Table 5. Pet-friendly properties: Was the property that you are currently living in advertised as pet-friendly?

The competitive nature of Sydney’s rental market was widely believed to have increased the challenges of finding pet-friendly properties (Box 1), giving agents a greater pool of possible tenants from whom to choose. Participants believed that households with pets were undesirable, or at least less desirable, to agents. Three participants gave specific evidence of this, describing instances when they were offered properties if they got rid of their companion animal:

I was actually told flat out. Actually one real estate agent called me up and said you’re a great tenant and we’d really like to have you would you get rid of the dog? I asked him if he would get rid of his kids. […] He kind of went yeah but it’s a dog. I was like you don’t get it. (Interview 18)

Mostly the agents are just very short, like you bring it up and they just go no, no pets. I did have one lady, it was a very small townhouse, just one down and I asked her about the cat and she said well, I don’t know, would you be willing to get rid of it. I just went no and she said well I don’t know if I can help you. (Interview 4)

I said I’ve got one old cat and he literally just sits in the wardrobe, which is what he did do. She said oh, well – it was kind of like that. She said let me get back to you, I’ll speak to the landlord. It was pretty quick. Swiftly said no, sorry. (Interview 2)

These agents did not recognise the importance of companion animals to applicants, instead viewing them as a form of property that could be disposed of as needed to secure a house. This reflects broader framings of pets as property. It also affirms the valuing of investor values in rental housing over recognition of the rental property as a site of family and homemaking. While this emphasis can appear as common sense when viewed from a domestic perspective, its cultural specificity is apparent when compared internationally. Easthope (Citation2014), for example, shows that tenancy policies in Germany are more strongly geared towards protection of renters’ rights to autonomy in homemaking.
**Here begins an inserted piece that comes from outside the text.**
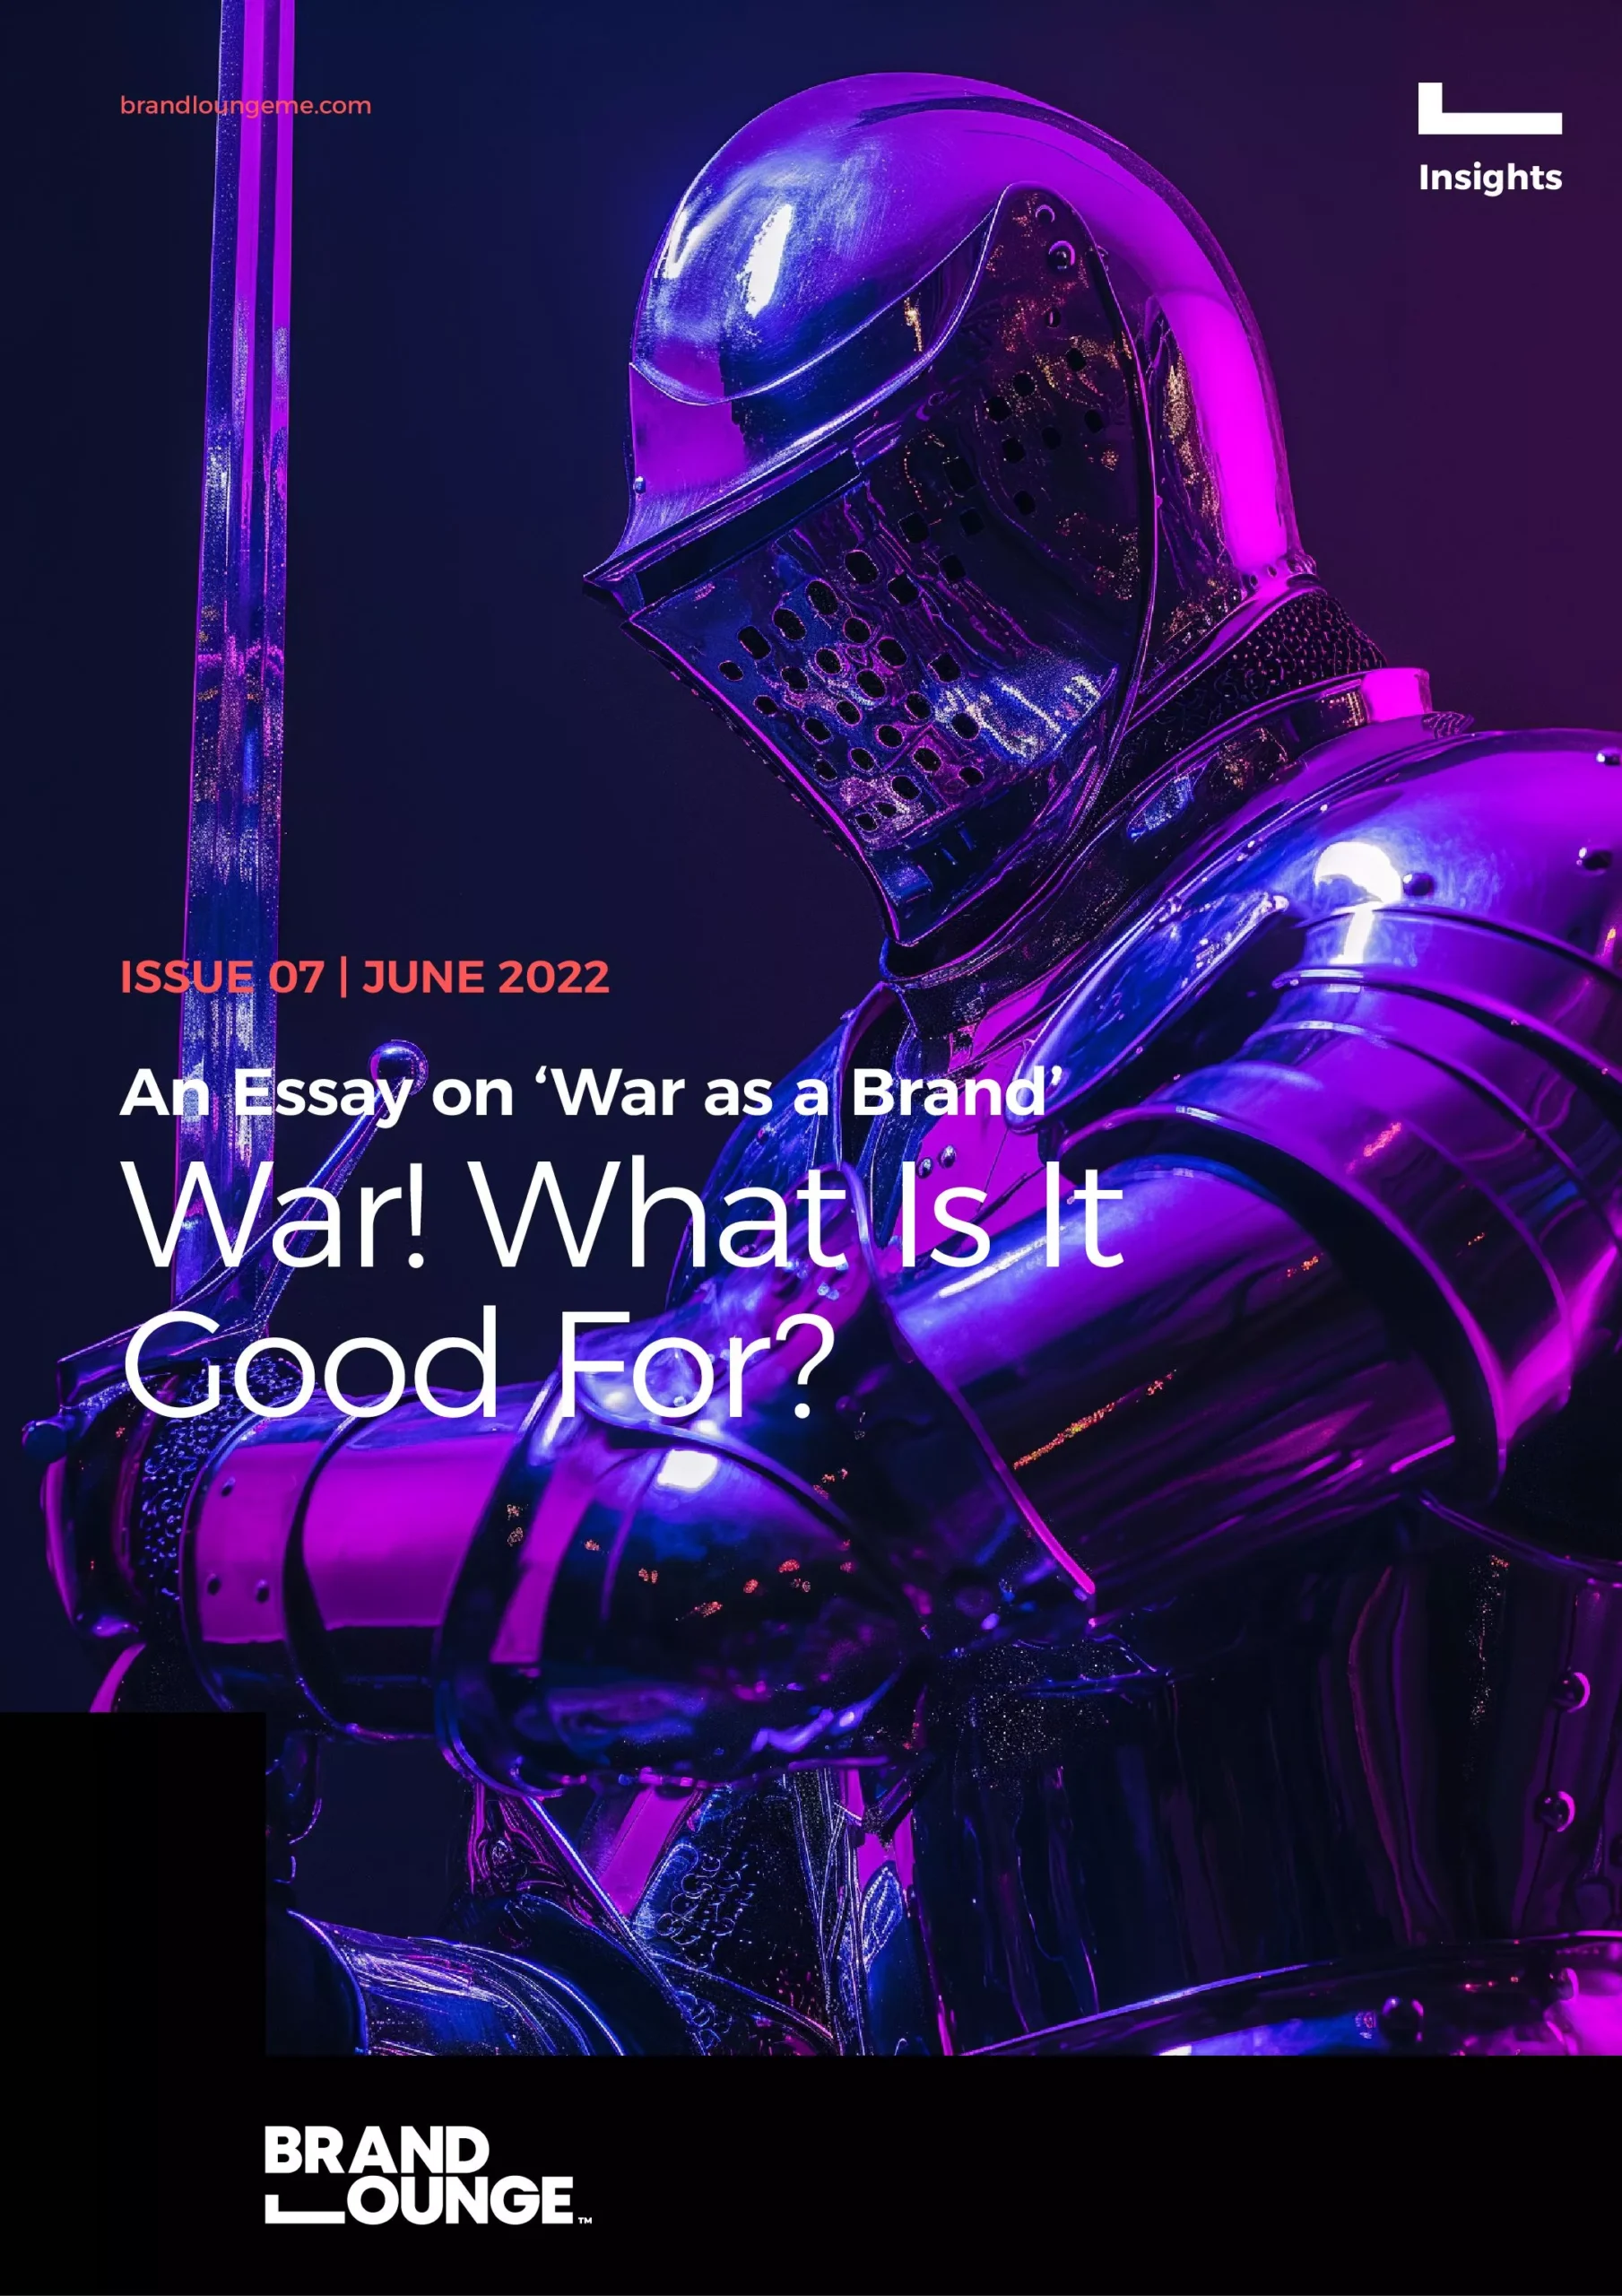 War! What is it good for?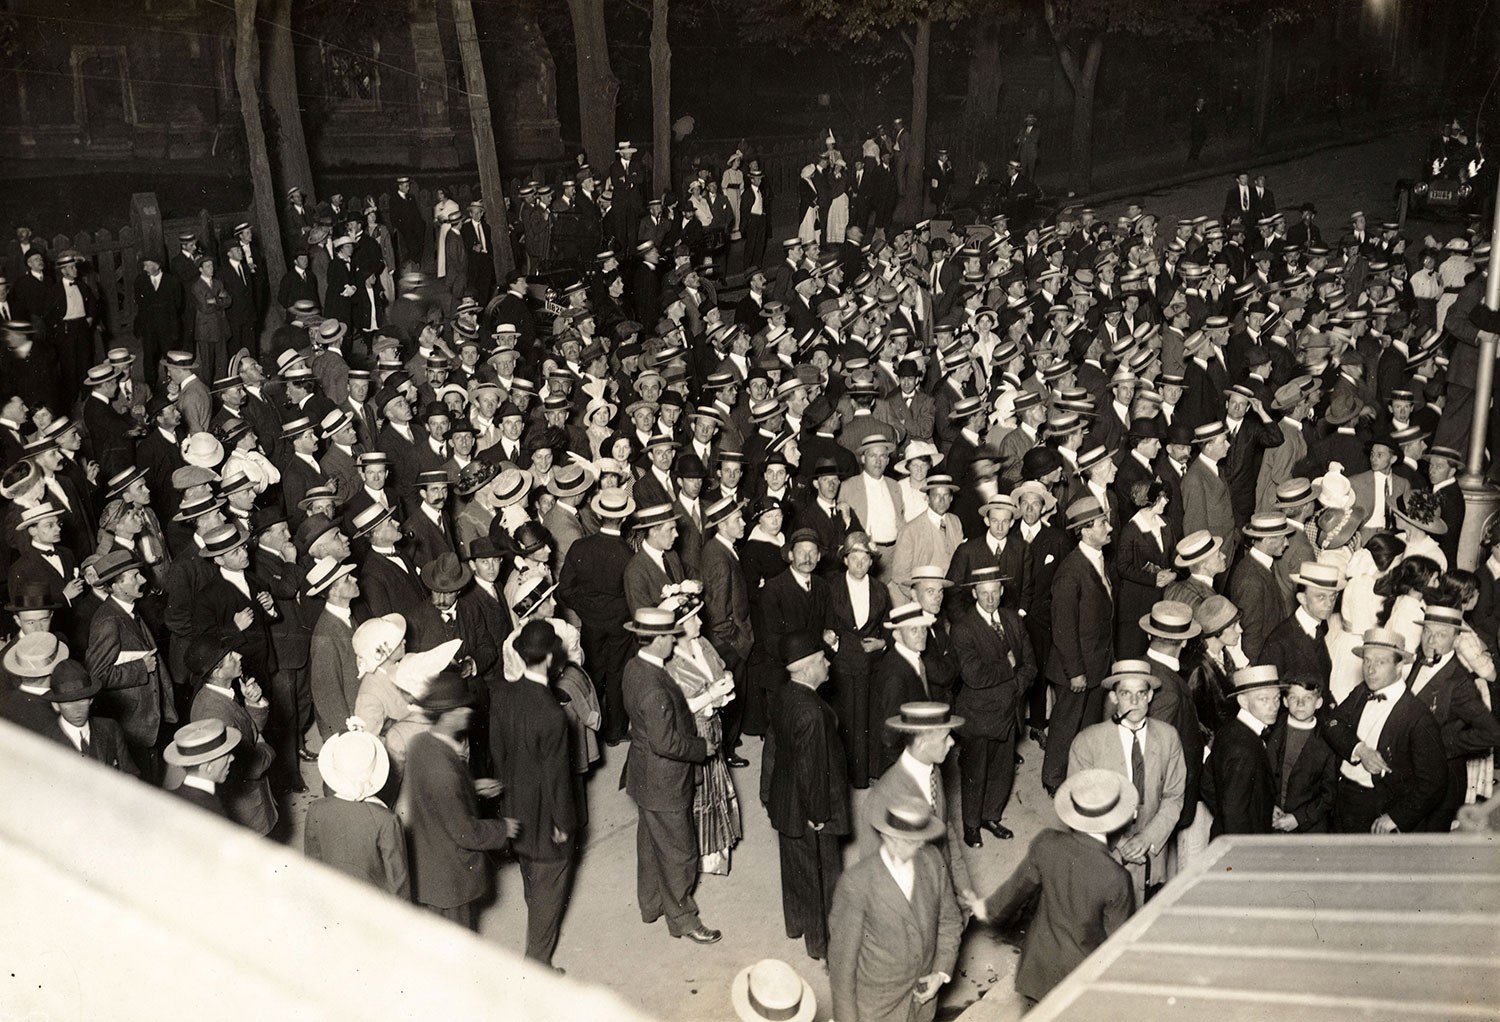 “War declared!” Scene outside the Toronto Star office at midnight on August 4, 1914. Photo: Queen’s University Archives, A.A Chesterfield fonds.

Box 1. Experiences searching for pet-friendly properties

Perceptions amongst participants that pet-friendly properties were scarce and that households without pets were viewed more favourably by agents led to a sense of rental insecurity amongst participants, in particular, a reduced sense of control over their rental futures. These concerns were elevated when participants were prompted to move house, whether by choice or necessity. Further, participants provided specific examples of missing out on rental properties that they perceived as pet appropriate due to the preference of the landlord and/or agent that pets not reside at the property. These experiences suggest the value of considering pet ownership as a household characteristic that may impact on rental access, in addition to factors such as household type, age and income that are already research recognised.

Quality of advertised pet-friendly properties

Property quality and low levels of choice were the next most cited concerns, with most participants believing that undesirable properties were more likely to accept companion animals. As Participant 7 explains, rentable properties were often those that others rejected:

I think the harder it is for them to get rid of an apartment the more likely they are to agree to have pets there because I know that the last place that we lived at with the dog, they’d been empty for a few weeks. I think that’s probably why they said yes to us having a dog, because they just wanted somebody in there.

Further, advertised pet-friendly properties were often described as being in disrepair, with externals lacking landscaping and internals requiring maintenance (see Box 2(A)). Participants conceptualised property quality through notions of risk. They believed that existing disrepair meant that companion animals were less likely to be viewed as bringing property risk because further damage would only marginally reduce property value; they therefore believed they were more likely to be accepted within these properties. These discussions parallel the framing of pets as risk by landlords in Carlisle-Frank et al. (Citation2005). A related concern was the difference between pet-friendly and pet-appropriate. Inadequate fencing was frequently cited and was a particular problem in older and run-down properties.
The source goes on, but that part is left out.